[TASK ITEM] In the listing below, find the line containing "Wandersocken Trekkingsocken Sportsocken" and the line containing "肩胛莲花鲤鱼纹身图案作品遮盖旧纹身". Repeat exactly those two lines and every line between them.

[SUPPLIED RECORDS]

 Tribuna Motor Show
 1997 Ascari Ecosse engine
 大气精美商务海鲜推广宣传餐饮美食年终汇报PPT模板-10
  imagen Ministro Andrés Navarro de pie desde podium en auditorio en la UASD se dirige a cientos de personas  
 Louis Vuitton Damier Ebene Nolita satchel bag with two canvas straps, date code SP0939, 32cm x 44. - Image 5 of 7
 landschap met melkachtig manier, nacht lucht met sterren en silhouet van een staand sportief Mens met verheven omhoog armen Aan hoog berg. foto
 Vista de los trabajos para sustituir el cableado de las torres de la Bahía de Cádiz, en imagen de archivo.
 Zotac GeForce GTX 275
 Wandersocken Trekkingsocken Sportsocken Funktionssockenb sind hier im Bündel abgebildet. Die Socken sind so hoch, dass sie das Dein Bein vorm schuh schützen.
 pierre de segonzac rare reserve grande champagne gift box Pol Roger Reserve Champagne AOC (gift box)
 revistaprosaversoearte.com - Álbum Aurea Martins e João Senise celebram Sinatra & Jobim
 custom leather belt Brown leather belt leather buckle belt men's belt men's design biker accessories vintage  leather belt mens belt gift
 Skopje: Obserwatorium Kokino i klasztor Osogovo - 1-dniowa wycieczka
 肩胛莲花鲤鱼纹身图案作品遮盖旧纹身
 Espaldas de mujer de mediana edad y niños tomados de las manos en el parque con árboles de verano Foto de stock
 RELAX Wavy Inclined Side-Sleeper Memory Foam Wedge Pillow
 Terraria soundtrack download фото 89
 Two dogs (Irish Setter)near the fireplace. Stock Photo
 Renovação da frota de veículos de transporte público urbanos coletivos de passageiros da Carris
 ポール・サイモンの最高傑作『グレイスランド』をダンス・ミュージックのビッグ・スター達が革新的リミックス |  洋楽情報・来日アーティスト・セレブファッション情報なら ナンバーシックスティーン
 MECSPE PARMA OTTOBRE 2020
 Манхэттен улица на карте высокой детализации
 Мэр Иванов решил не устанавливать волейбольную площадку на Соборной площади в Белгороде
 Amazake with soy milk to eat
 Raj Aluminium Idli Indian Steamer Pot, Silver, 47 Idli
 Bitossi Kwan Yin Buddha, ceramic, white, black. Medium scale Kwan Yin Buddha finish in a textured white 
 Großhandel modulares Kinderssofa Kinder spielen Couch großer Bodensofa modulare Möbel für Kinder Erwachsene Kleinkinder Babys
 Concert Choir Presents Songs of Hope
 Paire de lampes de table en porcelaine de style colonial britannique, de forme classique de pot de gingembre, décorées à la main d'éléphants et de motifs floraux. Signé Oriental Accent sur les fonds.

[RESPONSE TO THIS TASK]
 Wandersocken Trekkingsocken Sportsocken Funktionssockenb sind hier im Bündel abgebildet. Die Socken sind so hoch, dass sie das Dein Bein vorm schuh schützen.
 pierre de segonzac rare reserve grande champagne gift box Pol Roger Reserve Champagne AOC (gift box)
 revistaprosaversoearte.com - Álbum Aurea Martins e João Senise celebram Sinatra & Jobim
 custom leather belt Brown leather belt leather buckle belt men's belt men's design biker accessories vintage  leather belt mens belt gift
 Skopje: Obserwatorium Kokino i klasztor Osogovo - 1-dniowa wycieczka
 肩胛莲花鲤鱼纹身图案作品遮盖旧纹身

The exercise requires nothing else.